• Problem to work on
Exactly as written, return all the data, leaving its pictures behind.

[Provided material]

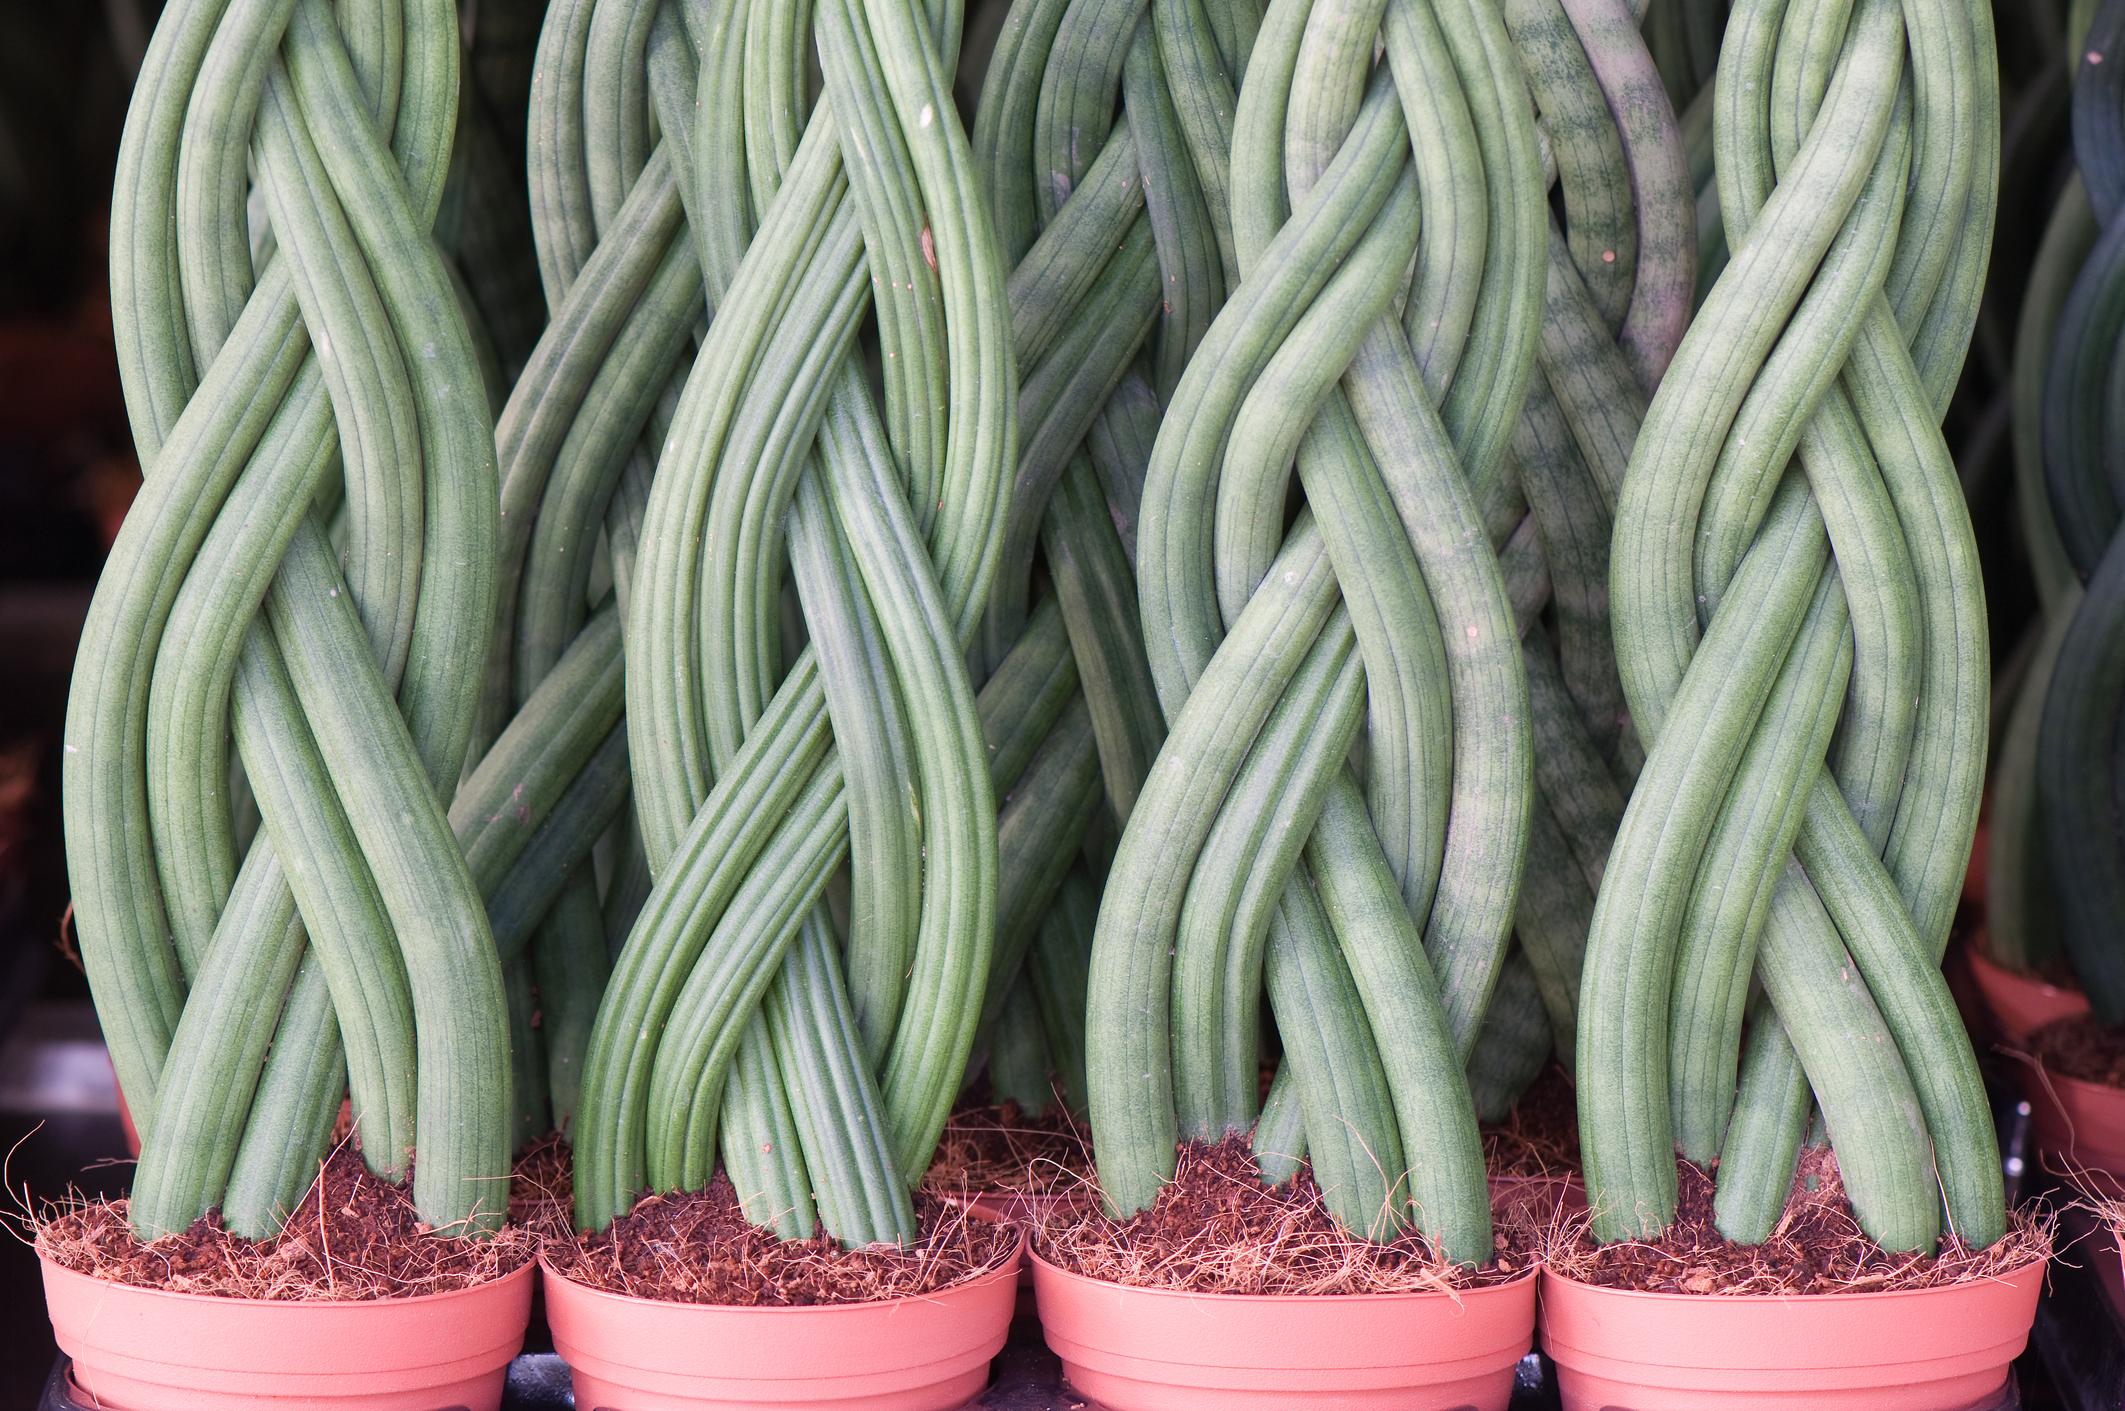 Сансевиера: Освен с изумителния и прекрасен външен вид, растението е подходящо за вашата спалня, тъй като през нощта превръща въглеродния диоксид в кислород.
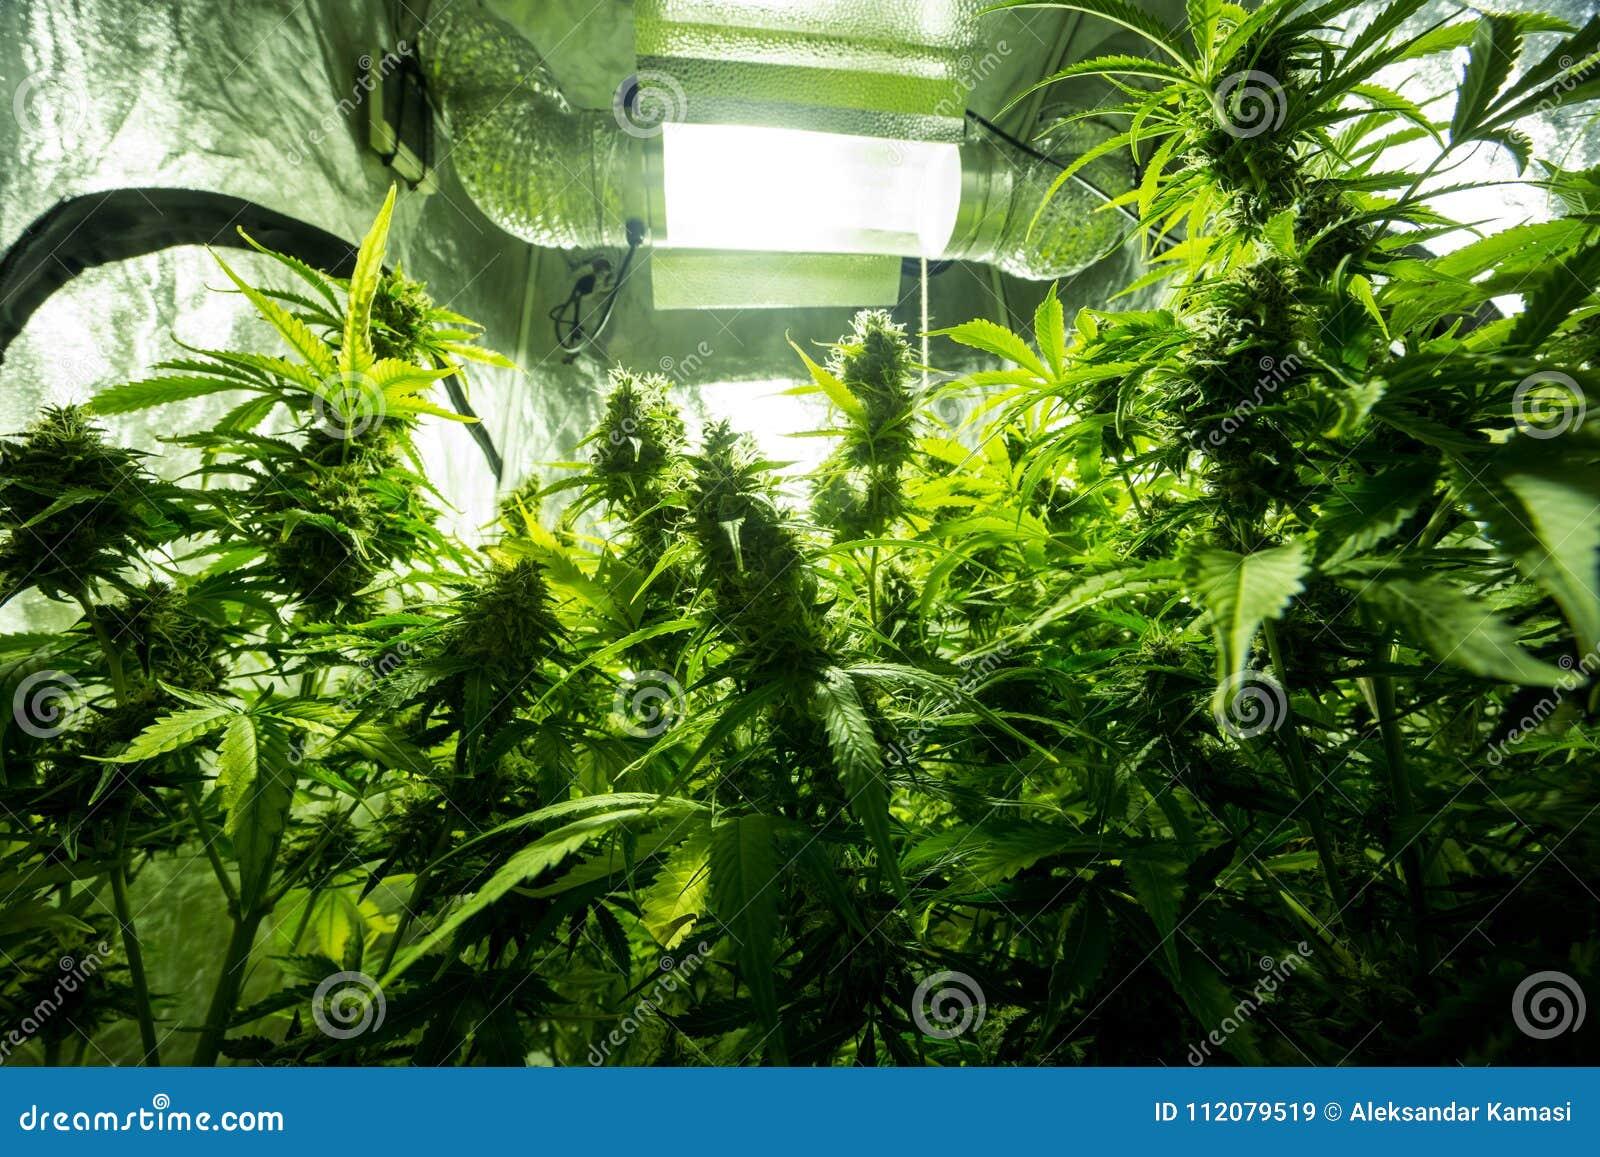 Culture D\'intérieur De Cannabis - Les Cannabis élèvent La Boîte ...
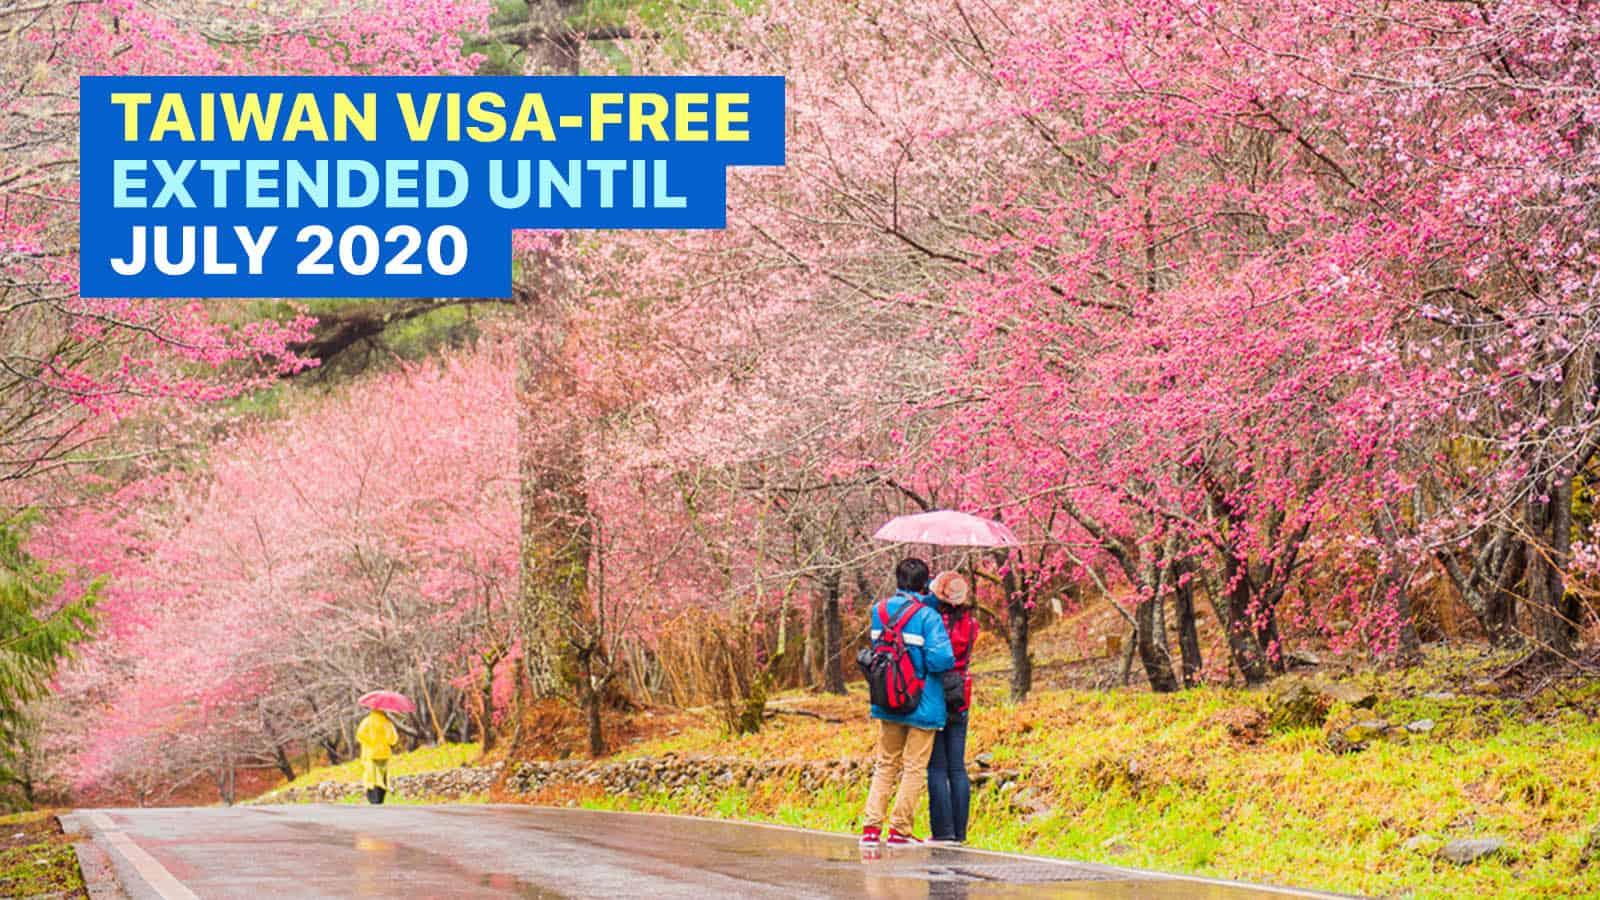 台湾免签证入境要求(至2020年7月)   穷游者行程博客

[/Provided material]

• Written answer
 Сансевиера: Освен с изумителния и прекрасен външен вид, растението е подходящо за вашата спалня, тъй като през нощта превръща въглеродния диоксид в кислород.
 Culture D\'intérieur De Cannabis - Les Cannabis élèvent La Boîte ...
 台湾免签证入境要求(至2020年7月)   穷游者行程博客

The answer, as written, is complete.